▸ TASK
After locating the line with "Parmesan Crusted Fish with Wilted Greens" below, output it and each following line exactly, stopping after the line with "For BEST TELEVISION". No pictures.

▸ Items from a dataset
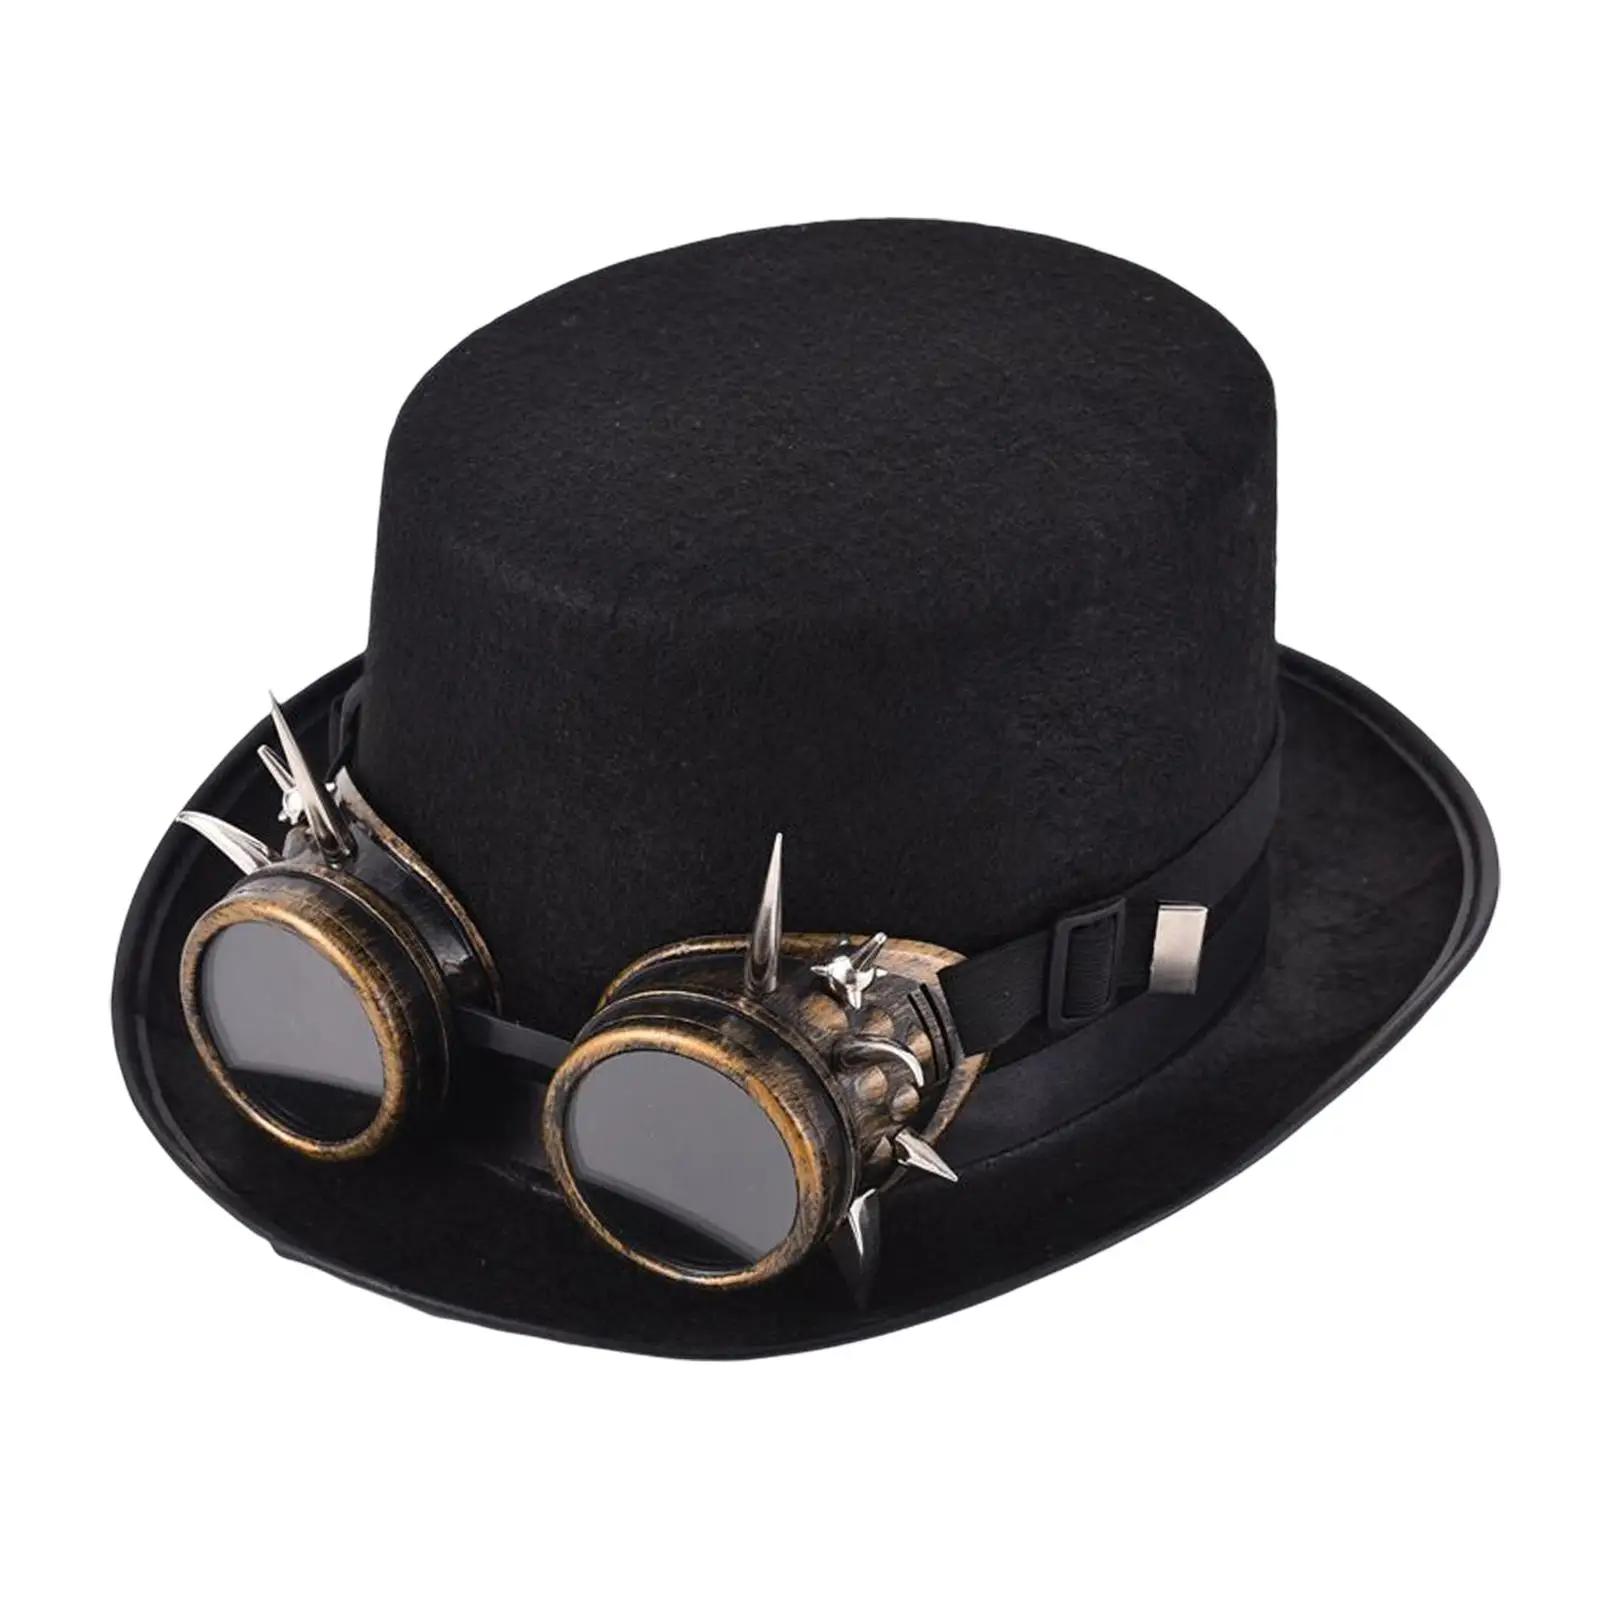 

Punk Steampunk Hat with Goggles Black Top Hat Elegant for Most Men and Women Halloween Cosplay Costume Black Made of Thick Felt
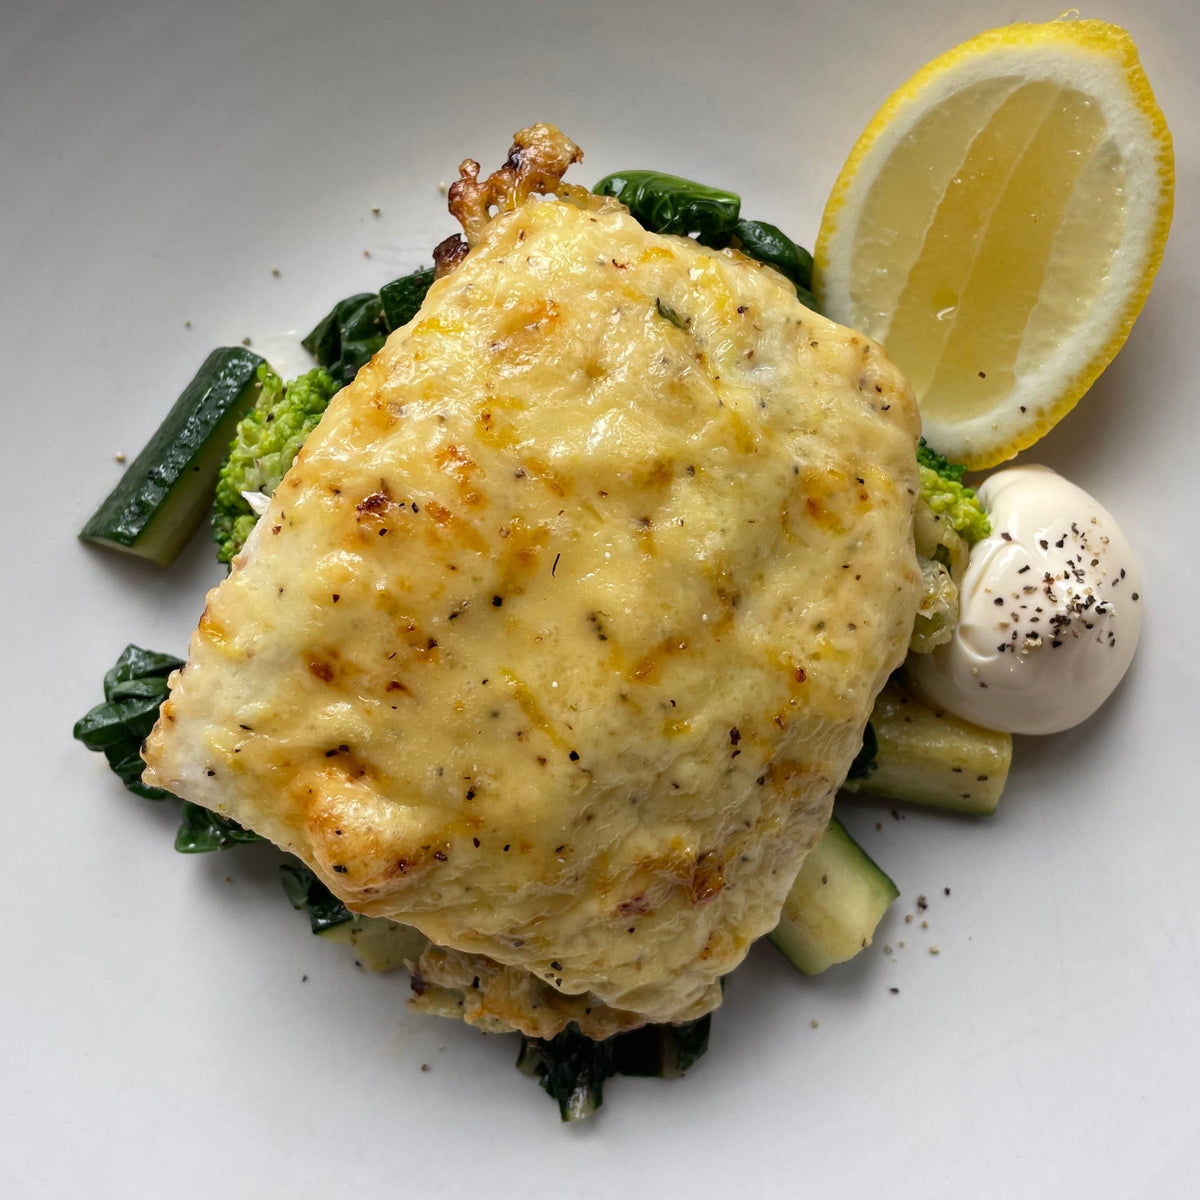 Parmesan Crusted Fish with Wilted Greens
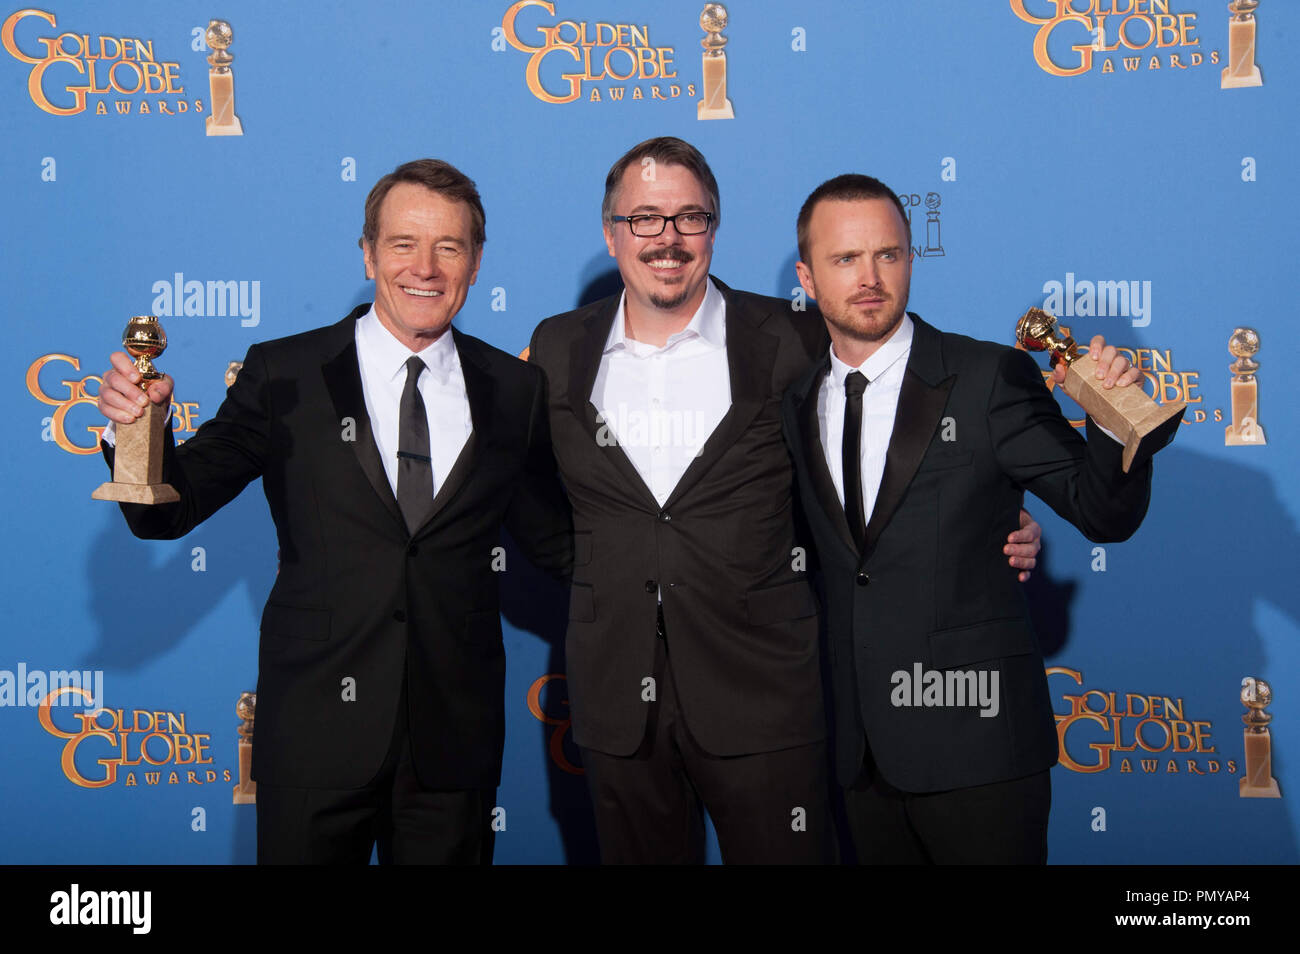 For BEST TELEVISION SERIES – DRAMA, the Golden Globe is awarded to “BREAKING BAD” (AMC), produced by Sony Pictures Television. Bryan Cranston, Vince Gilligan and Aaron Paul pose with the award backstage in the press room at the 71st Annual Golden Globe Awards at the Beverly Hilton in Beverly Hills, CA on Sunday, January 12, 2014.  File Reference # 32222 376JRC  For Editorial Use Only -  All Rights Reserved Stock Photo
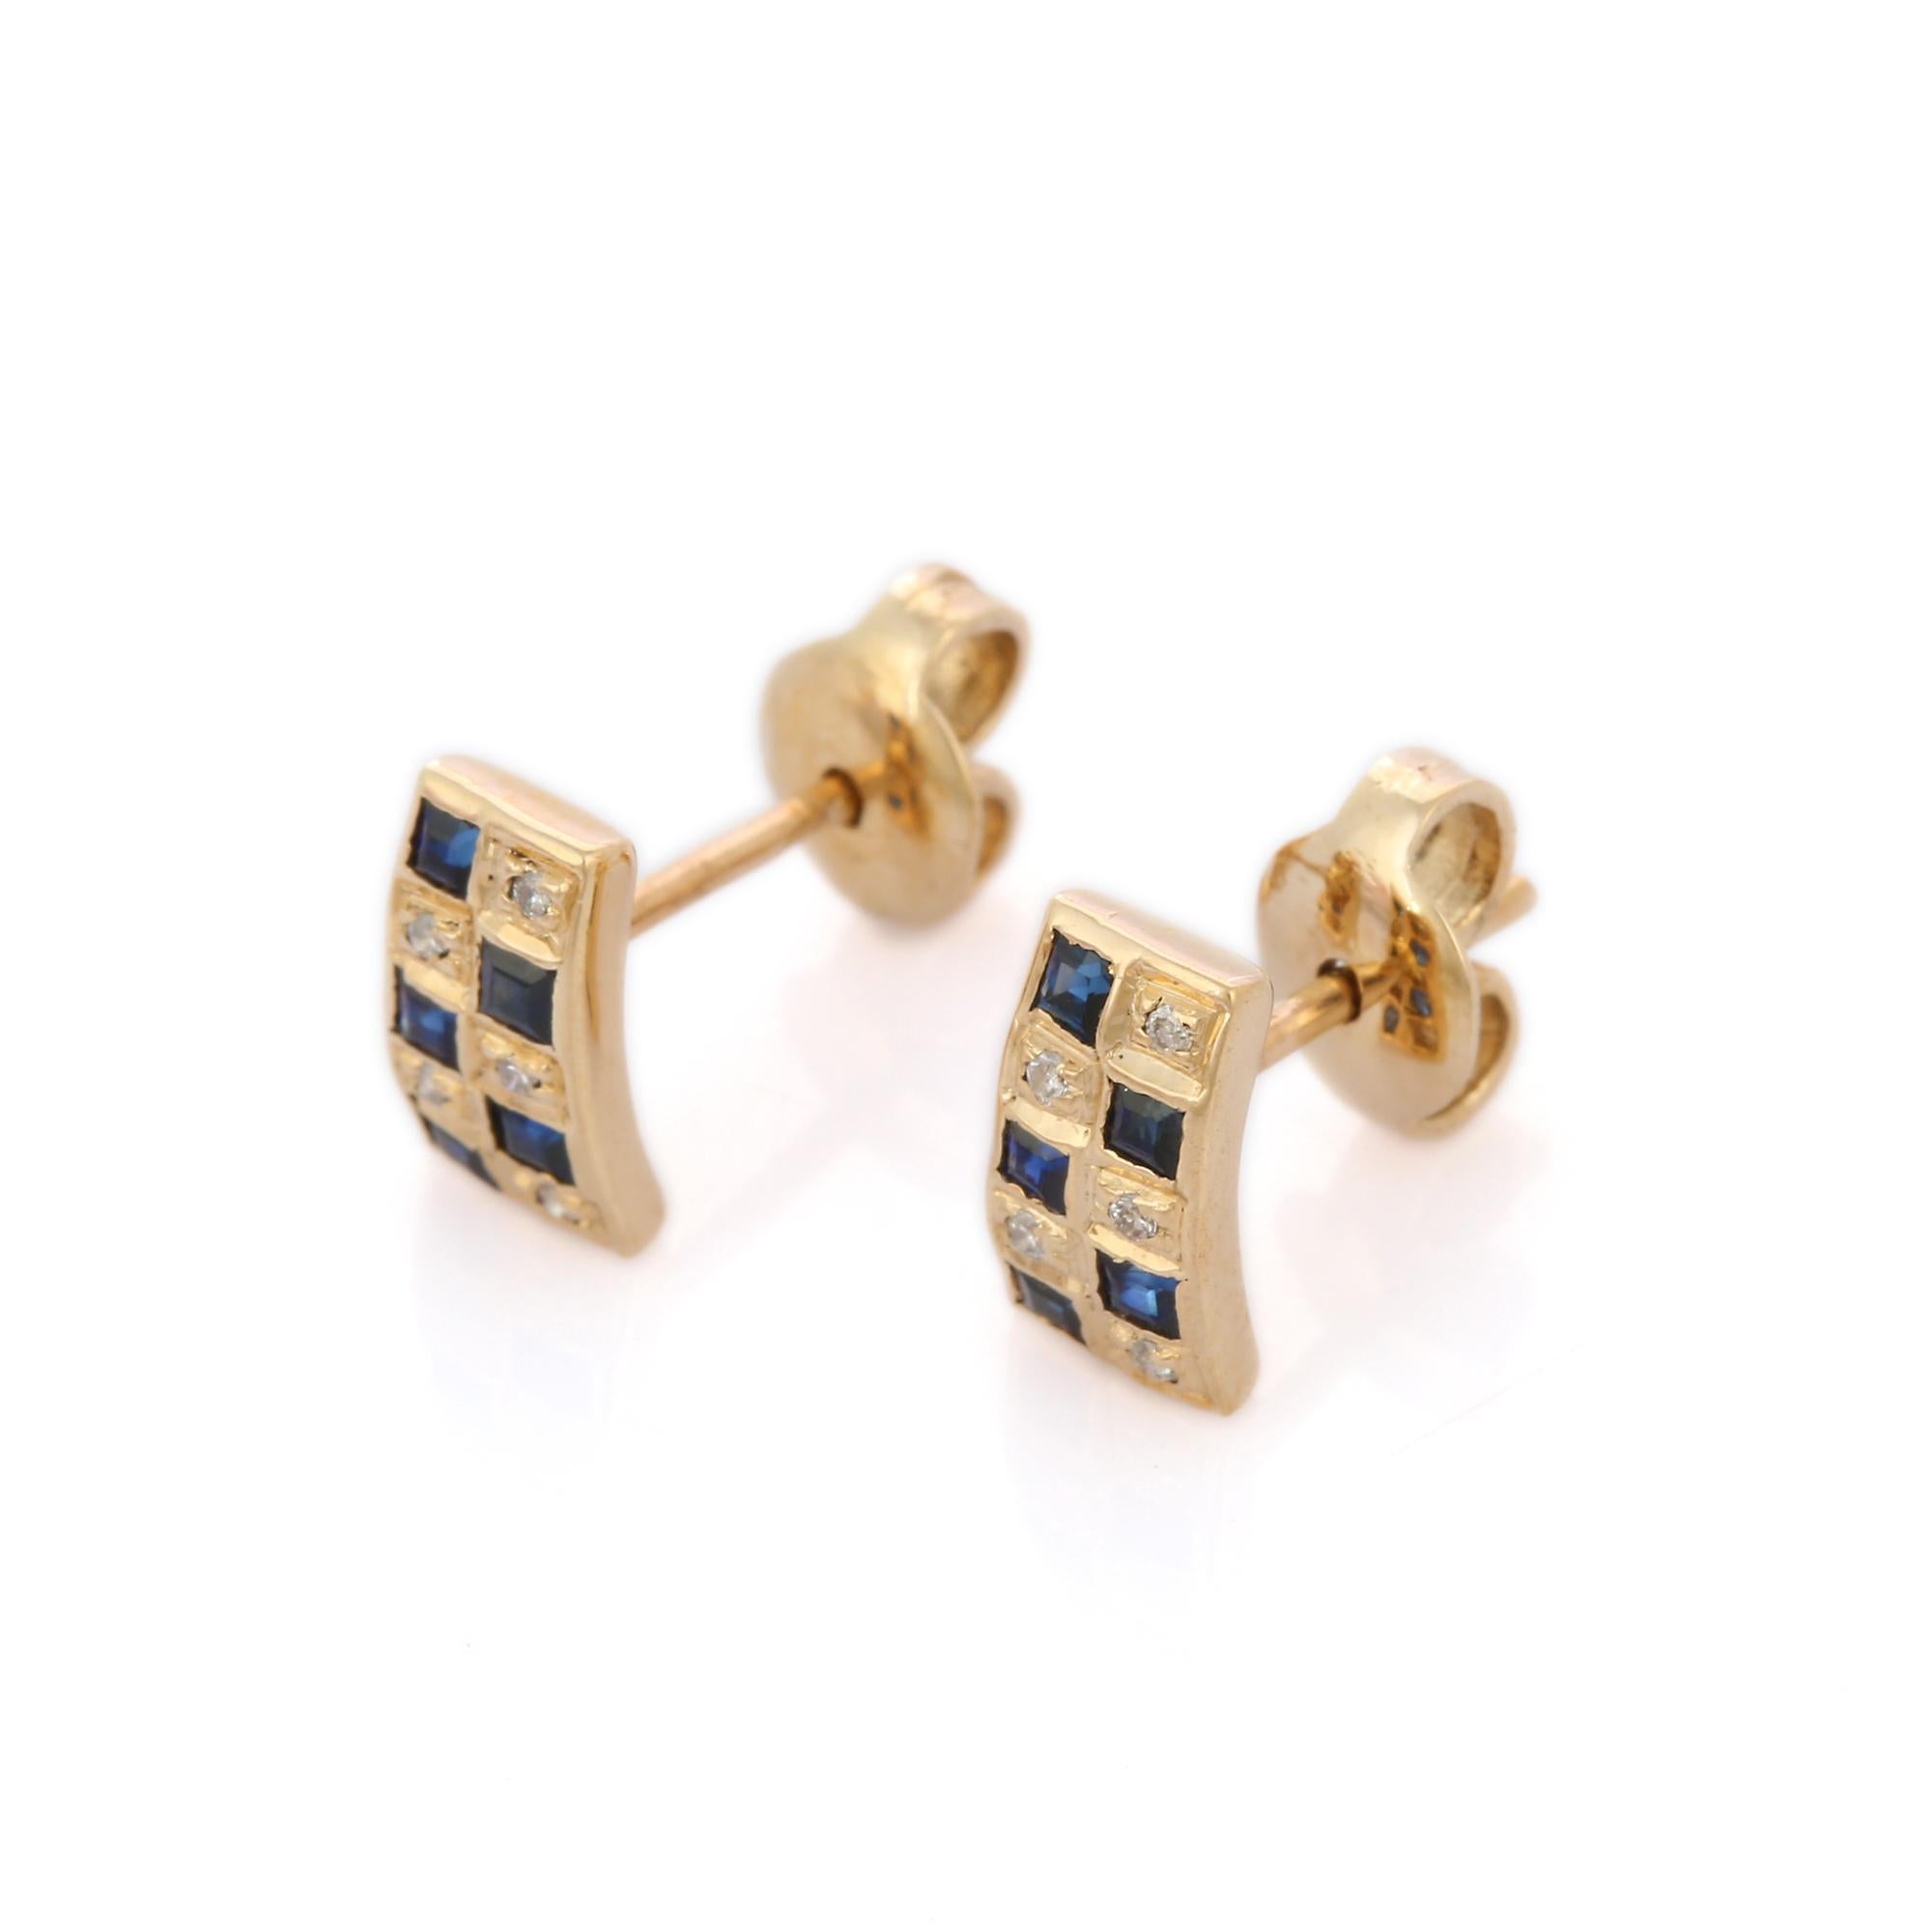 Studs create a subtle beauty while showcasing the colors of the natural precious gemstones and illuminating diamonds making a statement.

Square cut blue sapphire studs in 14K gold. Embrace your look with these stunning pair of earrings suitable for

▸ SOLVED PROBLEM
 Parmesan Crusted Fish with Wilted Greens
 For BEST TELEVISION SERIES – DRAMA, the Golden Globe is awarded to “BREAKING BAD” (AMC), produced by Sony Pictures Television. Bryan Cranston, Vince Gilligan and Aaron Paul pose with the award backstage in the press room at the 71st Annual Golden Globe Awards at the Beverly Hilton in Beverly Hills, CA on Sunday, January 12, 2014.  File Reference # 32222 376JRC  For Editorial Use Only -  All Rights Reserved Stock Photo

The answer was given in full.